用靈能緊急處理了一下自己身體的傷勢,讓自己身體的傷勢暫時穩定下來,男人喘了一口粗氣問道:“你是什麼人,為什麼要摻和這件事!”
艾塞爾沒有回答他的問題,隻是不緊不慢地從自己的隨身空間中拿出了一張紙:“賈維,代號【扭曲】出身於一個專門研究身體強化類術式的小學派,是該學派上任學派主的得意弟子。
原本是被該學派當做下任繼承人而進行培養的,但後來據說因為一個女人你背叛逃離了學派,並在離開學派前偷襲殺掉了自己的老師,盜取了自己學派的所有知識。我記得前幾天被收押的那具屍體上有著你們學派獨有的軀體扭曲術的痕跡,不是吧,你不會就是為了那個女人才叛逃學派的吧。
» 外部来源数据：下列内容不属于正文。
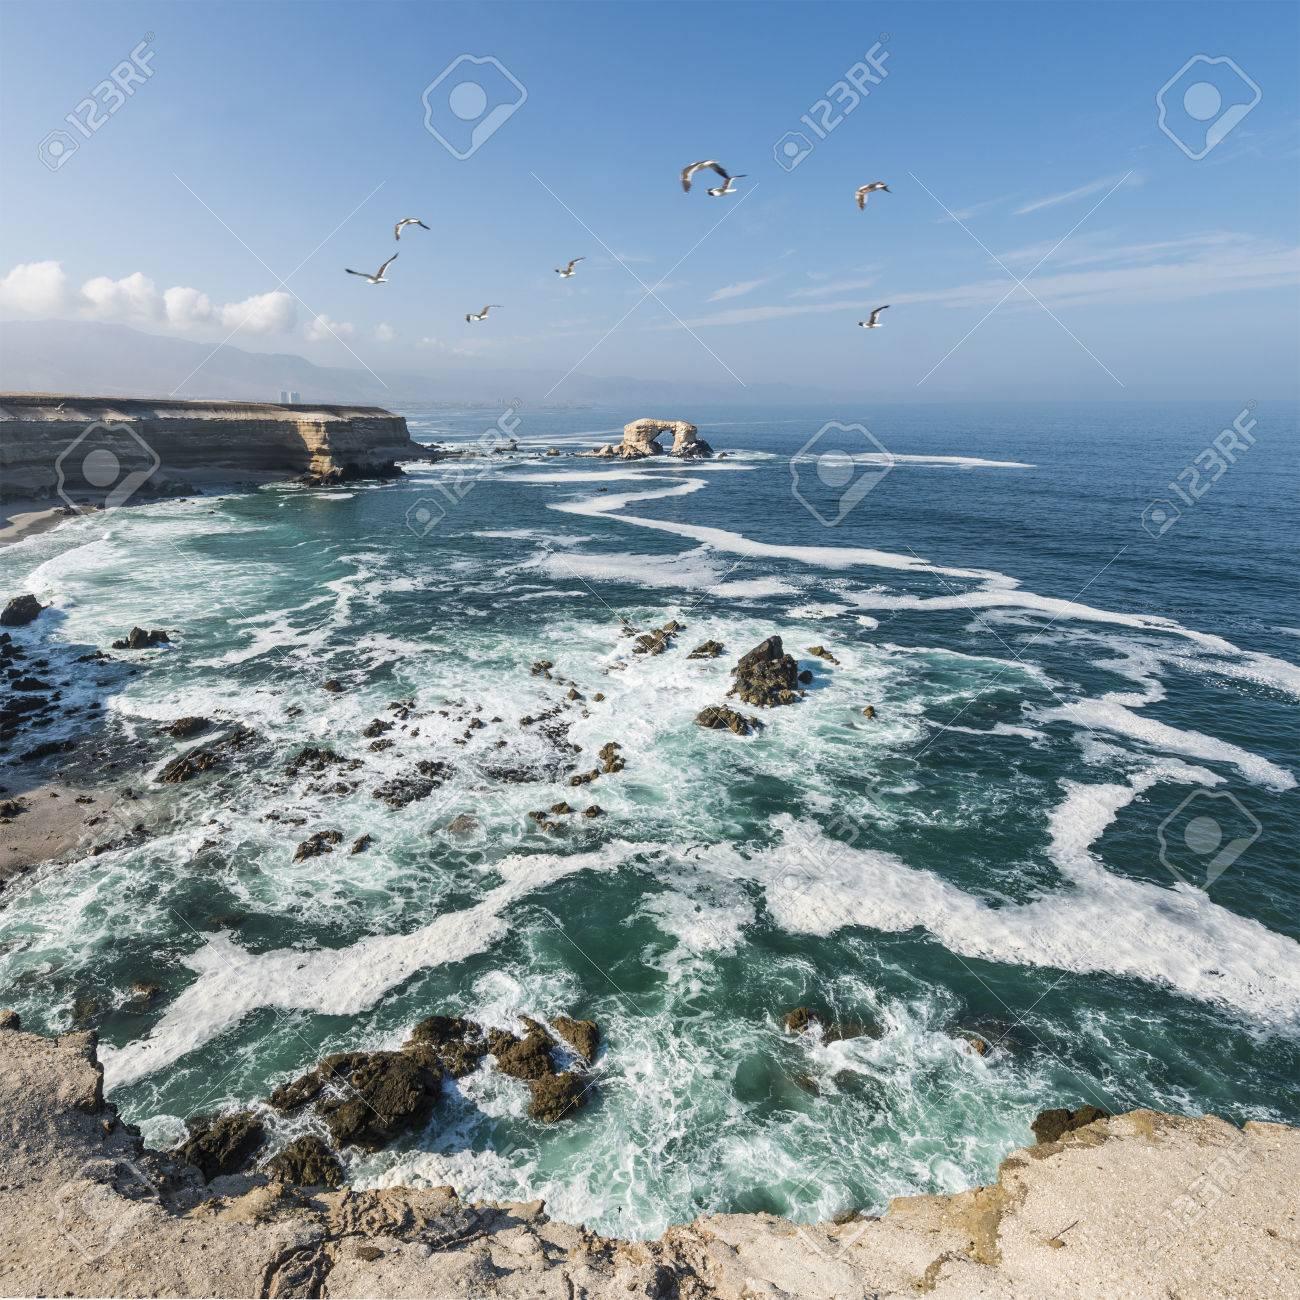 Portada (Arch) Rock Formation, Chilean Coastline, La Portada National Reserve, Antofagasta, Chile - 81976878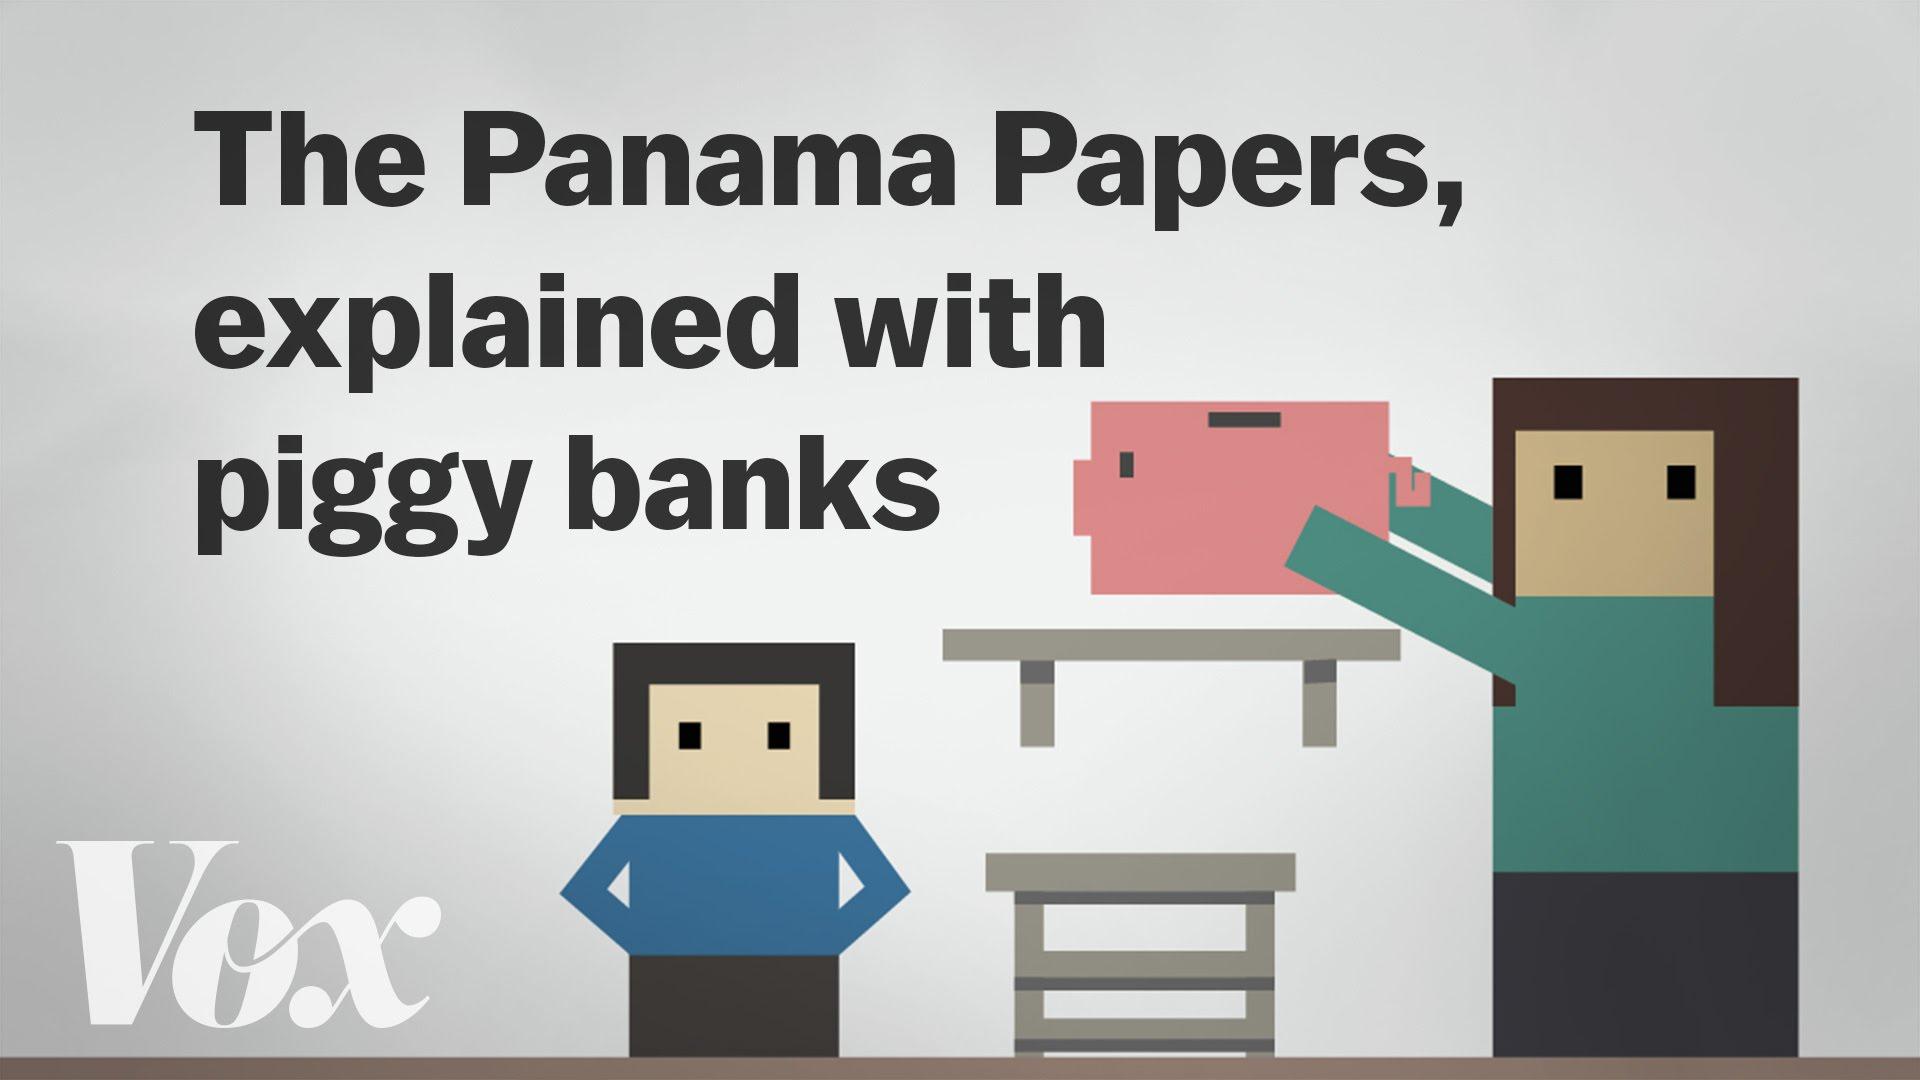 「延燒全球的『巴拿馬文件』,小豬撲滿比喻讓你秒懂!」- The Panama Papers, Explained with Piggy Banks

”
艾塞爾說著朝著賈維揶揄了一下。
賈維則已經趁著艾塞爾說話的時間將自己的軀體重新修復完畢,除了損失掉的右手和右腿還沒有修復完成外,他的身體幾乎基本恢復了健康。
聽到艾塞爾揶揄自己的話,他沒有表現出太過激動的神情,隻是冷笑了一下:“這個作派,原來是軍部那些走狗,你們不是天天吵著要為人類進步而征戰嗎,怎麼有空來管這點亂七八糟的小事。
而且我沒有記錯的話,這個國家的駐守者應該還沒有到期吧,你隨隨便便入侵其他駐守者的領域不怕被舉報嗎!”
艾塞爾聽了他說的話,差點笑的直不起身子:“你是想笑死我好逃離現場嗎,不得不說你的決策確實可能實現,在這以前我都沒有想過原來你們這些傢夥竟然如此的坐井觀天。
小子,你一個區區第三能階的小垃圾有什麼資格出讓第,真的是笑死我了。”
艾塞爾說著又大笑了起來,不過在笑聲中他的氣勢卻在不停的上升。感受到他不停上升的氣勢,賈維的表情也開始變得更加嚴肅起來。
“所以我才討厭你們這群隻知道在後方胡搞的傢夥,隻要是真正的去前線參加過戰爭的人,都不會為了一點點利益而在這個時間點上去找狂獅流派的麻煩啊!!”